What to produce:
Apart from the images, the entire listing below must be restated word for word.

Given information:
* * * * * * * * *

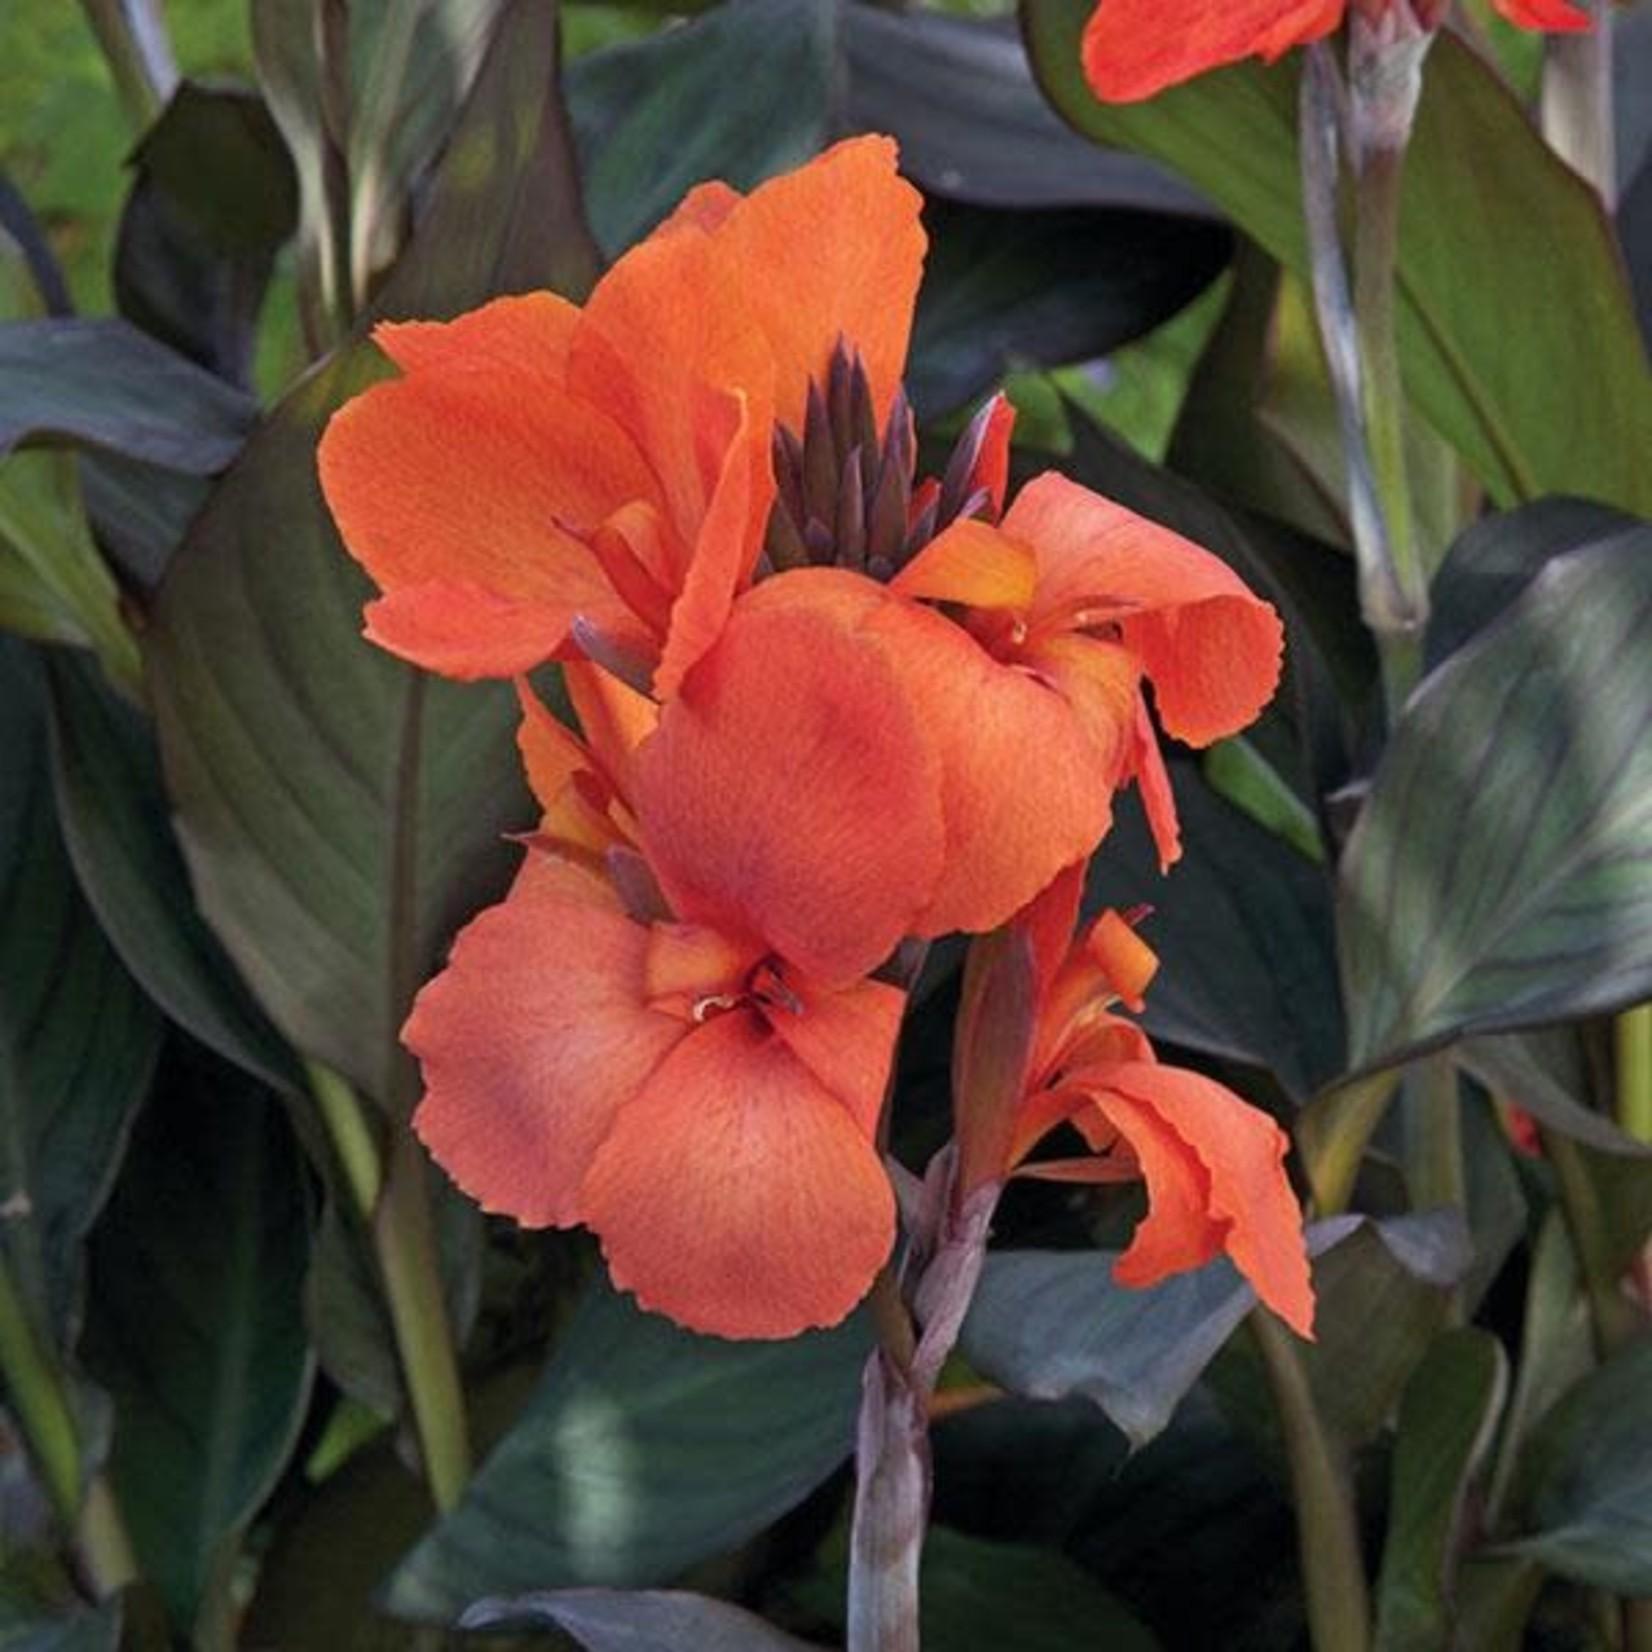 Canna Lily 'orange' 1 gal
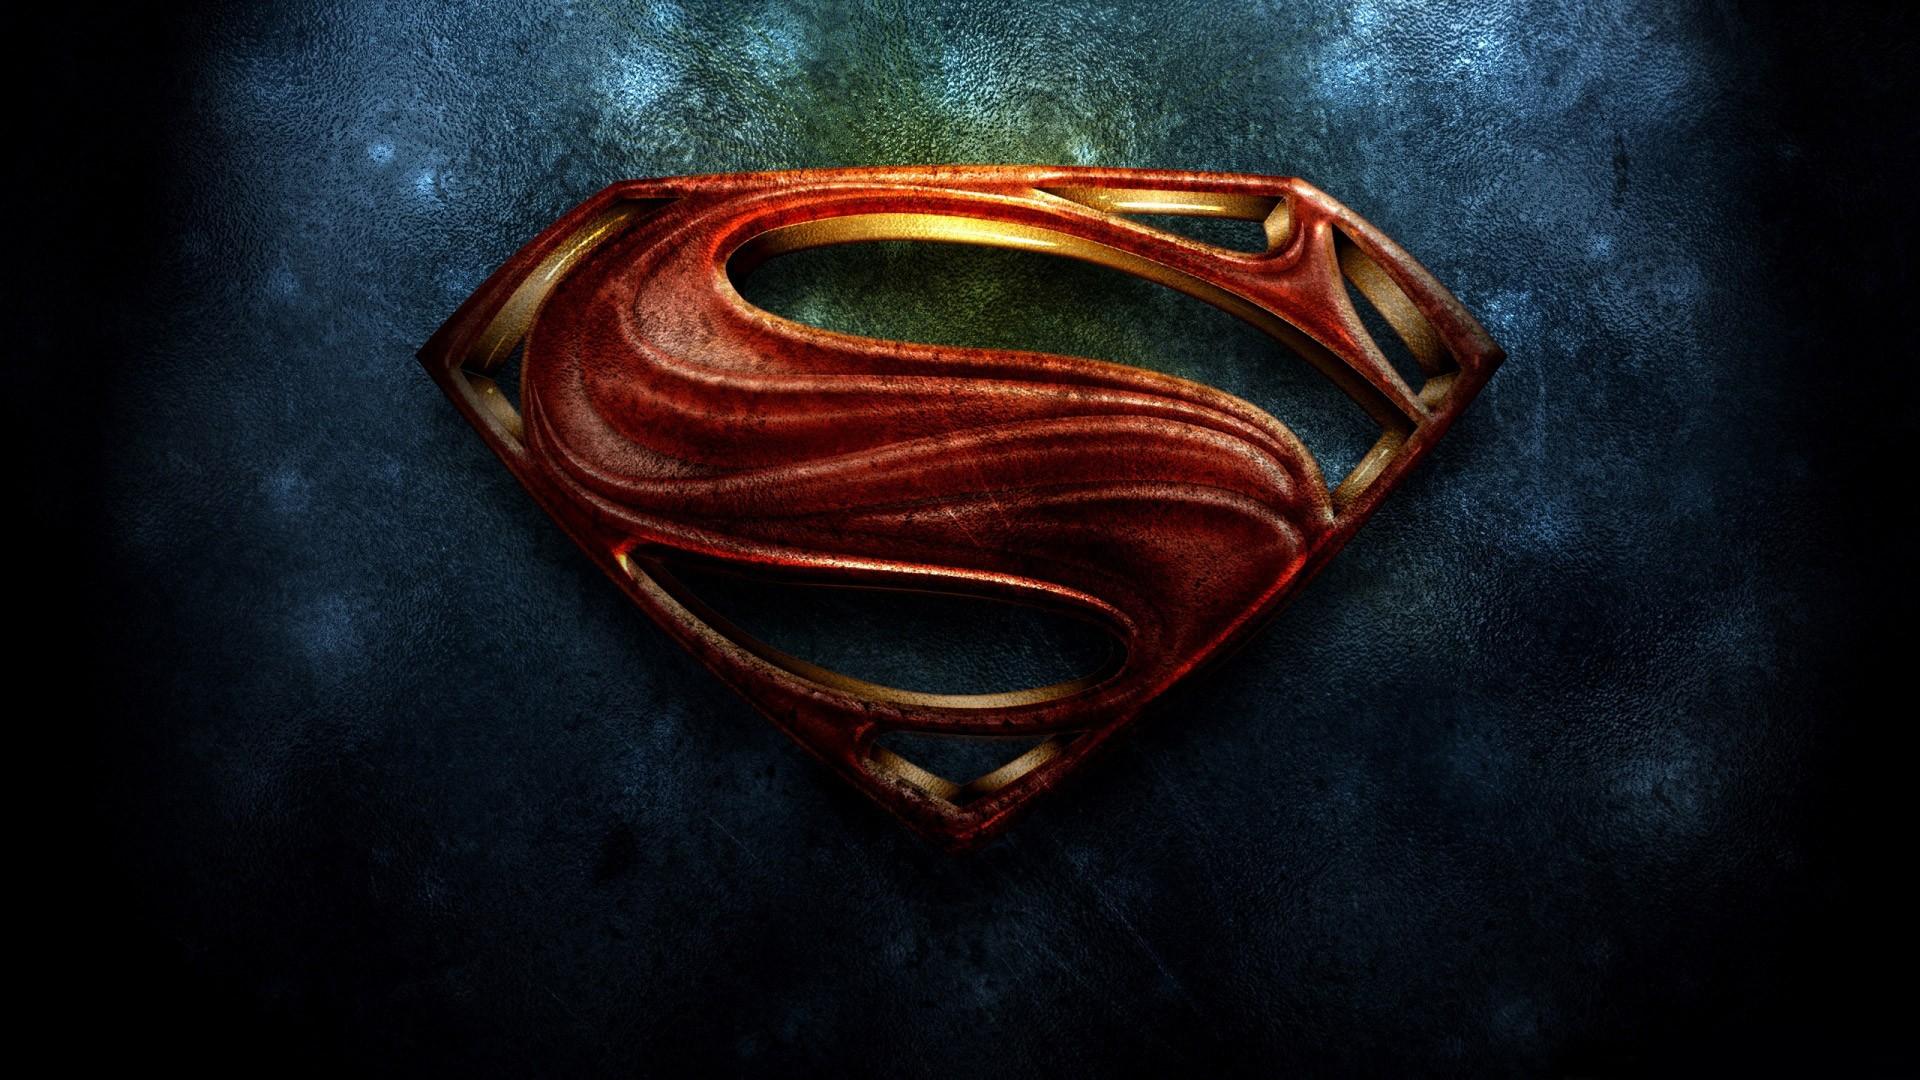 Superman Logo Hd Wallpaper Hd Wallpapers For Nokia E5 1920x1080 Wallpaper Teahub Io
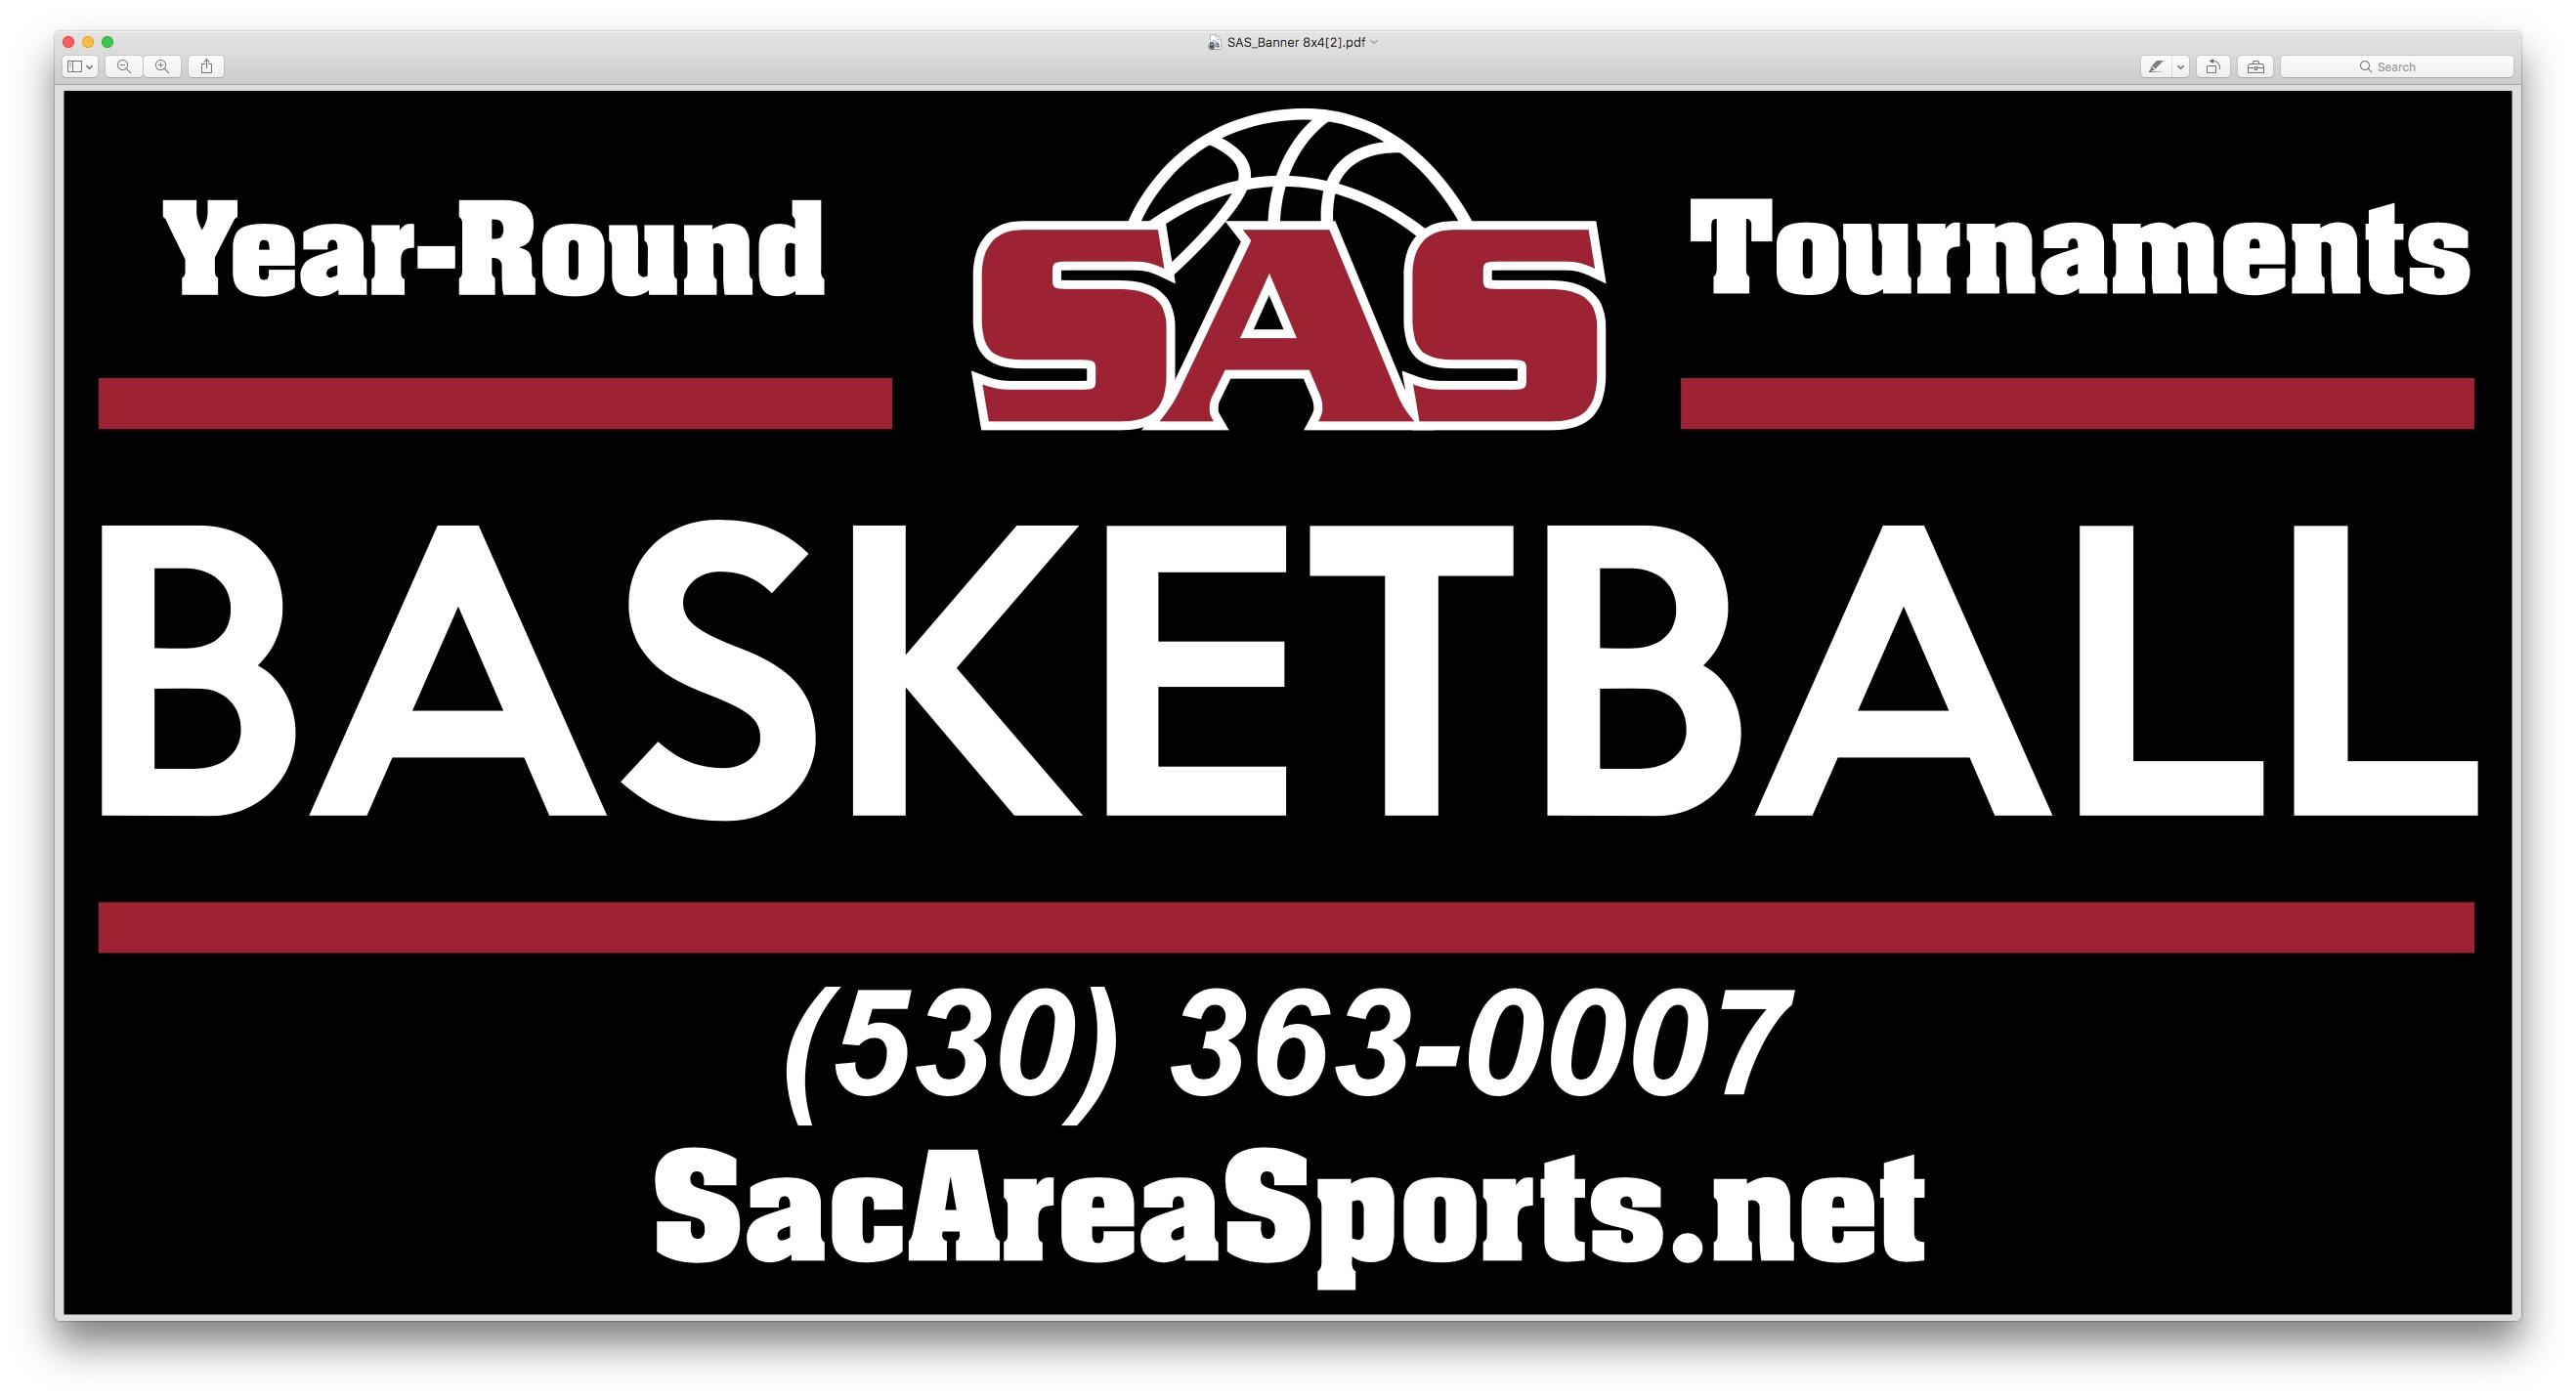 SAS Saturday Basketball Tournaments $150 per Team

* * * * * * * * *

Worked solution:
 Canna Lily 'orange' 1 gal
 Superman Logo Hd Wallpaper Hd Wallpapers For Nokia E5 1920x1080 Wallpaper Teahub Io
 SAS Saturday Basketball Tournaments $150 per Team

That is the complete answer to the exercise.